However, the Tamil Tigers are not the Tamil people. The oppressed masses shelter and feed the LTTE who in turn defend them from the army; but the people have no way of democratically deciding what forces within the liberation struggle they support, nor are they able to express what form of self determination they desire within Sri Lanka. We all on the Tamils to rise up and expel the Indian and Sri Lankan army. We call for the formation and arming of working class and peasant based defence committees as a necessary first step to the expulsion of the occupying forces and as a necessary basis for Workers and peasants to be able to determine the future of the liberated areas.

Should the Tamils’ struggle successfully turn into a mass uprising that results in the withdrawal of Indian and/or Sri Lankan government troops then communists and democrats should demand the summoning of a sovereign constituent assembly in the liberated areas to decide the political form of the state, its relations with the Sinhala dominated areas of Sri Lanka (i.e. complete independence, free federation or unitary republic) and with the Indian state.

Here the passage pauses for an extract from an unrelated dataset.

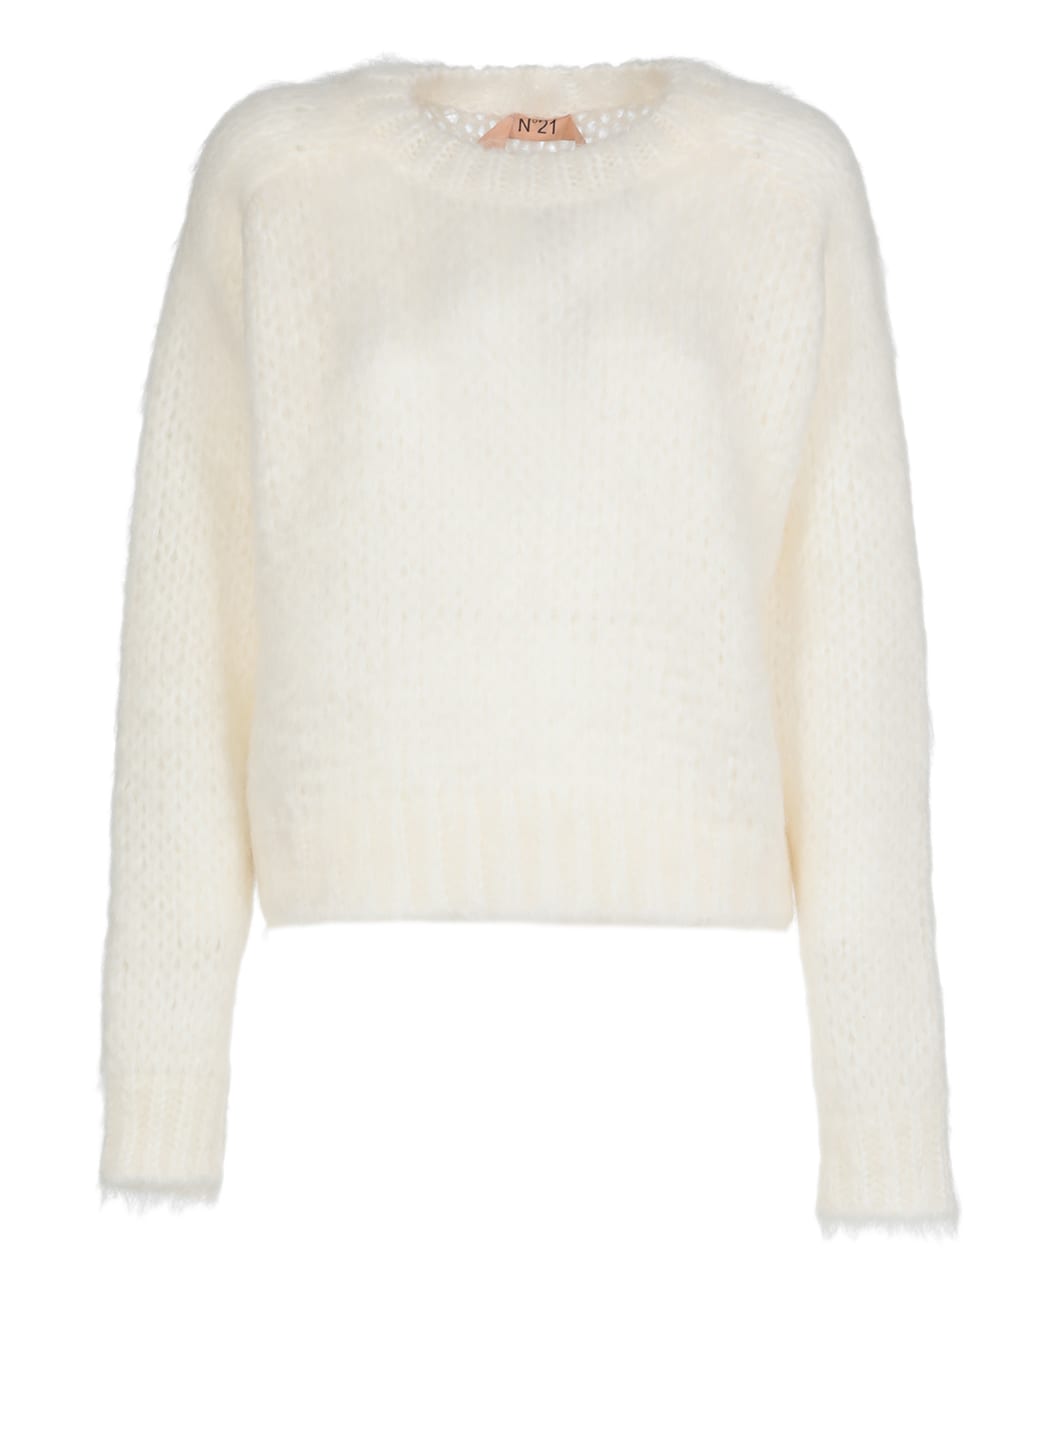 N.21 Wool Blend Sweater

Revolutionary communists (Trotskyists) in the Sinhala dominated regions should be fighting in the workers’ movement for the right of the Tamils to self determination alongside the struggle to overthrow the Jayawardene Bonapartist regime. In the field of democratic demands we fight for the separation of all religious bodies from the state and the expropriation of their lands and accumulated wealth; for political rights for the Tamil plantation workers; land to the tillers. These demands should focus on the call for a sovereign constituent assembly for the non Tamil areas or for the whole of Sri Lanka if the mass organisations agree to participate and the Sinhala majority accepts in advance the right to self-determination of all the Tamil people.

Whatever the outcome of the existing civil war and the national or democratic struggles and whether or not a constituent assembly/assemblies come into existence only the creation of a revolutionary workers and peasants’ government can ensure the carrying out of these demands as well as resolving the fundamental questions of class exploitation.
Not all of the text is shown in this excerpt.